Military-political cooperation. In 2017-2021, Russia accounted for 44% of all arms shipments to the African continent. In other words, Africa is a huge and strategic market for the Russian military-industrial complex, which is currently put under sanctions. In all likelihood, Lavrov was promoting the interests of the military-industrial complex during his tour, convincing African states to continue cooperation with Russia, despite Western sanctions.
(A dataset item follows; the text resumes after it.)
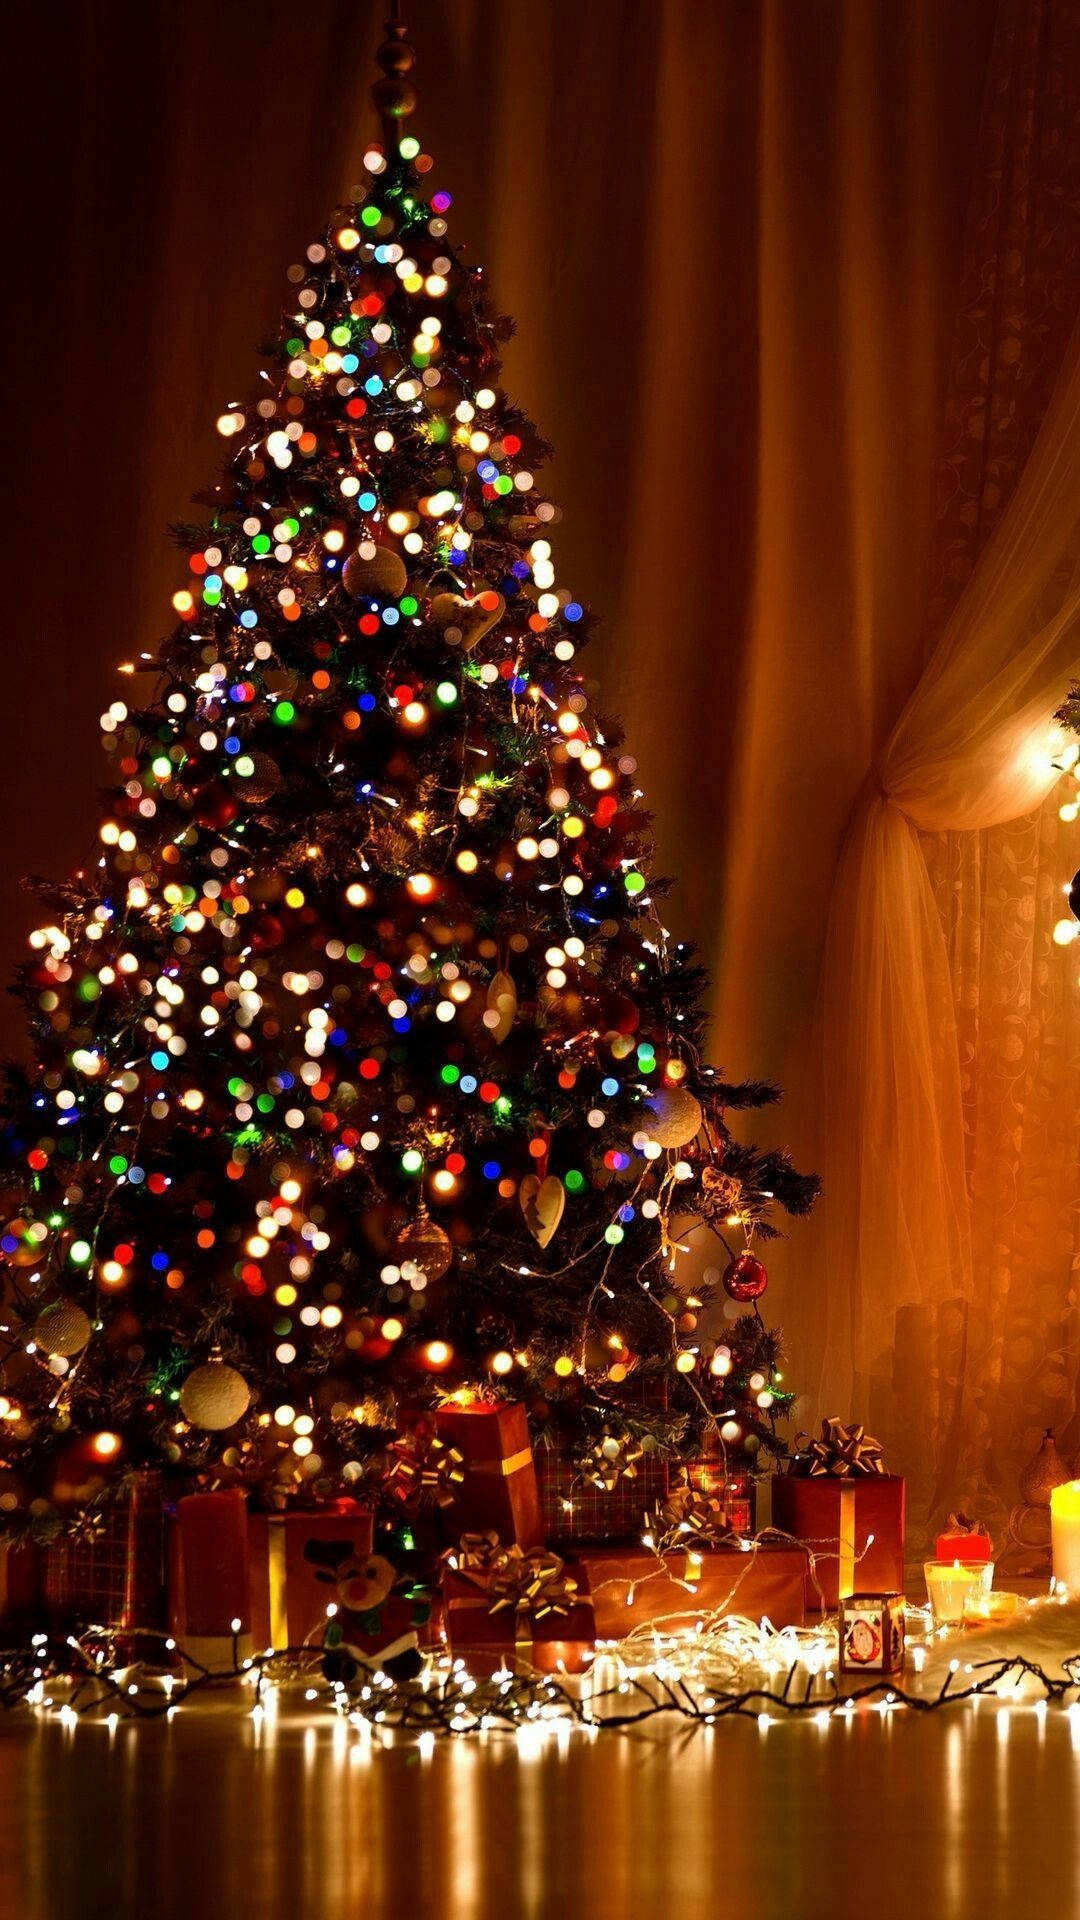 Lucinatalizie Calde E Scintillanti A Forma Di Albero Di Natale Tradizionale Portano Lo Spirito Festivo Al Tuo Telefono In Questa Stagione Delle Vacanze! Sfondo

Besides, Africa has recently intensified cooperation with the Russian Federation in the area of security. Russian private military companies have become noticeably more active on the continent over the past few years amid the weakening influence of the West and a chronic security crisis in a number of states that the United States and their allies in Europe could not cope with. Russian mercenaries from the PPK “Wagner” are already present in countries such as Mali, CAR, Sudan, Libya, Mozambique. They take on various functions there: from advisory to the organization of military operations, and have managed to earn a good reputation as “solving all”. Consequently, other countries have also started to demonstrate avid interest in the idea of hiring Russians to solve their security issues. This applies to Chad, Niger, Mauritania and Burkina Faso. Lavrov’s tour in this context looks like an opportunity taken to expand the geography of security services at the expense of key countries of the Horn of Africa, where Russia does not yet have a military—political presence.